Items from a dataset
---
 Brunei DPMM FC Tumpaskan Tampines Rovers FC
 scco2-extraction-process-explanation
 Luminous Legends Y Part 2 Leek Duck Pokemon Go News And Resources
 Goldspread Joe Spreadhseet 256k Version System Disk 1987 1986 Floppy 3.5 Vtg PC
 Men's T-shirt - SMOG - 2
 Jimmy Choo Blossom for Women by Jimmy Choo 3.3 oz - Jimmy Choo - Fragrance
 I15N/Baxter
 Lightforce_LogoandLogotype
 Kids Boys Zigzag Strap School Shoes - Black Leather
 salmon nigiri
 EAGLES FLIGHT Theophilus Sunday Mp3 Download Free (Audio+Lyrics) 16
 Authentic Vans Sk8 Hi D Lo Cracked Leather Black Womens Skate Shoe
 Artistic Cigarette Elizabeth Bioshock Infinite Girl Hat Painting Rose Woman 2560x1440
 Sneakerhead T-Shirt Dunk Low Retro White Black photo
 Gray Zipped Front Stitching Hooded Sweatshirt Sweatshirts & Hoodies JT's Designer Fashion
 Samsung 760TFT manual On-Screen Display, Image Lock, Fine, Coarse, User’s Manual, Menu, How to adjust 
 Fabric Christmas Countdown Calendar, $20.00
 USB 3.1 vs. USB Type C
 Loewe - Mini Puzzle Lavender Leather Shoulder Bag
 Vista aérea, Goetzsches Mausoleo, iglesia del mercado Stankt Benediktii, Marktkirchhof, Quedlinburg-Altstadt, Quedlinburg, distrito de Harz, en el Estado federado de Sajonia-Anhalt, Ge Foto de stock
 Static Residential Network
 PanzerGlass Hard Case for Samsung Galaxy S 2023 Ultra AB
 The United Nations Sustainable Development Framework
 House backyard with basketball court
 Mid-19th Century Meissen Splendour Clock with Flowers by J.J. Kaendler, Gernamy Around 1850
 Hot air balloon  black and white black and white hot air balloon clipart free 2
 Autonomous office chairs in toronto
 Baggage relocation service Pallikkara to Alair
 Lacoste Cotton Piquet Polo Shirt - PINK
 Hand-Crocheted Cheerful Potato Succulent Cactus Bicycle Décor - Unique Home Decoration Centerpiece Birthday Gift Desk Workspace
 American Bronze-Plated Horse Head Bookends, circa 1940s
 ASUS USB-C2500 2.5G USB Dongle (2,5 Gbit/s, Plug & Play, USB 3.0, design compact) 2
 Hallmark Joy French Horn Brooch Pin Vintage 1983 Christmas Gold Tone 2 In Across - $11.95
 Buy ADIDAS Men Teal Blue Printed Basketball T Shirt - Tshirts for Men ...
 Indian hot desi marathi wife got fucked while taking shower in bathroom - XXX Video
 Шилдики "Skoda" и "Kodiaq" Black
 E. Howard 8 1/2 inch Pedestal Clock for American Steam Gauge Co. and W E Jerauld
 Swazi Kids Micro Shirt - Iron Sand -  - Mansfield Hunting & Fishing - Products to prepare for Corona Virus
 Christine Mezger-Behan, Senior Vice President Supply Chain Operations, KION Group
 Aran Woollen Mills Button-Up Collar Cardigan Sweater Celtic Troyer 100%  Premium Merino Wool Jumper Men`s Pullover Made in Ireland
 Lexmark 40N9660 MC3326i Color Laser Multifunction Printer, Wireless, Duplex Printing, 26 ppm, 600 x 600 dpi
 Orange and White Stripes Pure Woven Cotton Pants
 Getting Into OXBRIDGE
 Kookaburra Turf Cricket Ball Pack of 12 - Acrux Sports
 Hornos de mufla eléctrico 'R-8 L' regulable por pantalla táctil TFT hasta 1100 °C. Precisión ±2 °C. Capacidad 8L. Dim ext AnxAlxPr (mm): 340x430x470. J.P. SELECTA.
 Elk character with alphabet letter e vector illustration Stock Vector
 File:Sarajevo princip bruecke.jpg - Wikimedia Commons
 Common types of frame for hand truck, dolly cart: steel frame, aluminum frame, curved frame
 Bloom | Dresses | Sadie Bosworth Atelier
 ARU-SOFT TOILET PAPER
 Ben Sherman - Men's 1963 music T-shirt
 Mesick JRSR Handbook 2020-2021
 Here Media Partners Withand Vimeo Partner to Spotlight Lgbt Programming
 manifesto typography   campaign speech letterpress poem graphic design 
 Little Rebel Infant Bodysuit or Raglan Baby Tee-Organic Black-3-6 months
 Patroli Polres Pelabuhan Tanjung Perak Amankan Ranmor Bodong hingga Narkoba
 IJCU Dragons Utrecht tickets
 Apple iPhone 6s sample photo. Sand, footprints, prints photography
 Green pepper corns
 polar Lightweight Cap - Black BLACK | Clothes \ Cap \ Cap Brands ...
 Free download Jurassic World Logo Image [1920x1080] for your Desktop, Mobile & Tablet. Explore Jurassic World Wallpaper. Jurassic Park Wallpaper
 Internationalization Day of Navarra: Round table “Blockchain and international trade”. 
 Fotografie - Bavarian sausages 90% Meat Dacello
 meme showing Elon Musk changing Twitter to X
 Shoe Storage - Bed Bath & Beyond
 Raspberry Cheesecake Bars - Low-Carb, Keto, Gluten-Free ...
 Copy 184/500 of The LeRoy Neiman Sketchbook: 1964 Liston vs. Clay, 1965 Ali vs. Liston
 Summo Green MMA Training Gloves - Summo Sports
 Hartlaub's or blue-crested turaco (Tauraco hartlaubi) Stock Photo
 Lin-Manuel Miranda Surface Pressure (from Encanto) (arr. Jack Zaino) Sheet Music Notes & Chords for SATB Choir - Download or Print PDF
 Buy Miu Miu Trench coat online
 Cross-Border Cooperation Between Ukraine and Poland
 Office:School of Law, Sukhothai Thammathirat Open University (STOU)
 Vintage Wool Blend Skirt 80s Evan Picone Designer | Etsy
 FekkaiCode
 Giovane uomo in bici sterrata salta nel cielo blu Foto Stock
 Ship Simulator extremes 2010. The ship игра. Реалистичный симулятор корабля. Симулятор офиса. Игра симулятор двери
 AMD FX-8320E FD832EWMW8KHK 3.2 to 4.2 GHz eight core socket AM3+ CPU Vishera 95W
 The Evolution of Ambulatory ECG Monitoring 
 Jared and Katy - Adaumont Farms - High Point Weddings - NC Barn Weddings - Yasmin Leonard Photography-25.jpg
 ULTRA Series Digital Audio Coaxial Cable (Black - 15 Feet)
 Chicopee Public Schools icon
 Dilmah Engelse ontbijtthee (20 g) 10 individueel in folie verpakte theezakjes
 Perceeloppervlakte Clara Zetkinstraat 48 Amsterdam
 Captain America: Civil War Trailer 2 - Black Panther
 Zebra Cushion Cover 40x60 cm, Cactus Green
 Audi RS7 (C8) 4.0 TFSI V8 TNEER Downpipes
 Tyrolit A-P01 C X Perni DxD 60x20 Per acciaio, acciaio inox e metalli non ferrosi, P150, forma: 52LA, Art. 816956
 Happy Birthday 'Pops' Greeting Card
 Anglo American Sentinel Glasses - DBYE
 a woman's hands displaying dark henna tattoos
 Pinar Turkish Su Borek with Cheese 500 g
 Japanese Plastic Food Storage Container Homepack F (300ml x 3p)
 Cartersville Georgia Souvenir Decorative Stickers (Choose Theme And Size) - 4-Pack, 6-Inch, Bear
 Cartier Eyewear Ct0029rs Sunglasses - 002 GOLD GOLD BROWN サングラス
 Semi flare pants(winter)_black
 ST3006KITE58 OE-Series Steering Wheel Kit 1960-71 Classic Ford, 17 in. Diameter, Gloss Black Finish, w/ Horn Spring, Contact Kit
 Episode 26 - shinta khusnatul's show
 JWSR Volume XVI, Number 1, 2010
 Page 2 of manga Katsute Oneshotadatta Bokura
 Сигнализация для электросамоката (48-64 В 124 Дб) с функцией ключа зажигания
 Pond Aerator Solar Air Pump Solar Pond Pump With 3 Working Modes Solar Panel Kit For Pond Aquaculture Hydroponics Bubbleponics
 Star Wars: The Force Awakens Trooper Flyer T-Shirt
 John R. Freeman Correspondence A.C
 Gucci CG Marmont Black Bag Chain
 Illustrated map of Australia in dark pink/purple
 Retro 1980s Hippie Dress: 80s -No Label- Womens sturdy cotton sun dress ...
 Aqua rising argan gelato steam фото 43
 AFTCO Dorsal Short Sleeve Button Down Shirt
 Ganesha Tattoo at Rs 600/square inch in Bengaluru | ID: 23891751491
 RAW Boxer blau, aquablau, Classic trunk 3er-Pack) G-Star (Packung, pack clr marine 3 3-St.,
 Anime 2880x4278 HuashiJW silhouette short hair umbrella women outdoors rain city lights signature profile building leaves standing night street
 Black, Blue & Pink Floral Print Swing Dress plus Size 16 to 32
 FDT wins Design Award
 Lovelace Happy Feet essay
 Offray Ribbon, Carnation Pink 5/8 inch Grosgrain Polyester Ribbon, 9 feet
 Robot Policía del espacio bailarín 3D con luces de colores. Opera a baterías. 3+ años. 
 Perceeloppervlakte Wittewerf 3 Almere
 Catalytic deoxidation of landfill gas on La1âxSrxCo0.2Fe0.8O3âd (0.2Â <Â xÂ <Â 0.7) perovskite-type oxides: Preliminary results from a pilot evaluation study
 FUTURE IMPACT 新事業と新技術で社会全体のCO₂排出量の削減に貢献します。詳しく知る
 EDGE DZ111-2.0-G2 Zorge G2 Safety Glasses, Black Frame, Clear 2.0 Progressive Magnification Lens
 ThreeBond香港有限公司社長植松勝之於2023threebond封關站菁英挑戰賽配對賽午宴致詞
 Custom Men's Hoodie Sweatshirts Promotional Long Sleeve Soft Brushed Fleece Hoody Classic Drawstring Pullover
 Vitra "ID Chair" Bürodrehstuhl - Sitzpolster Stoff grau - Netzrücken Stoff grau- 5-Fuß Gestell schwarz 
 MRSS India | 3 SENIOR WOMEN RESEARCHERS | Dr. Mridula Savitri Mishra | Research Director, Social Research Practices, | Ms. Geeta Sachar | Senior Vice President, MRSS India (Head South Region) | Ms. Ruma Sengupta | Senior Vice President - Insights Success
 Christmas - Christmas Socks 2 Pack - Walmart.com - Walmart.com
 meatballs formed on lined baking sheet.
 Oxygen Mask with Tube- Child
---
> [Work order]: For every line above that includes the string "dark", copy the line.

> [Exercise response]:
 a woman's hands displaying dark henna tattoos
 Illustrated map of Australia in dark pink/purple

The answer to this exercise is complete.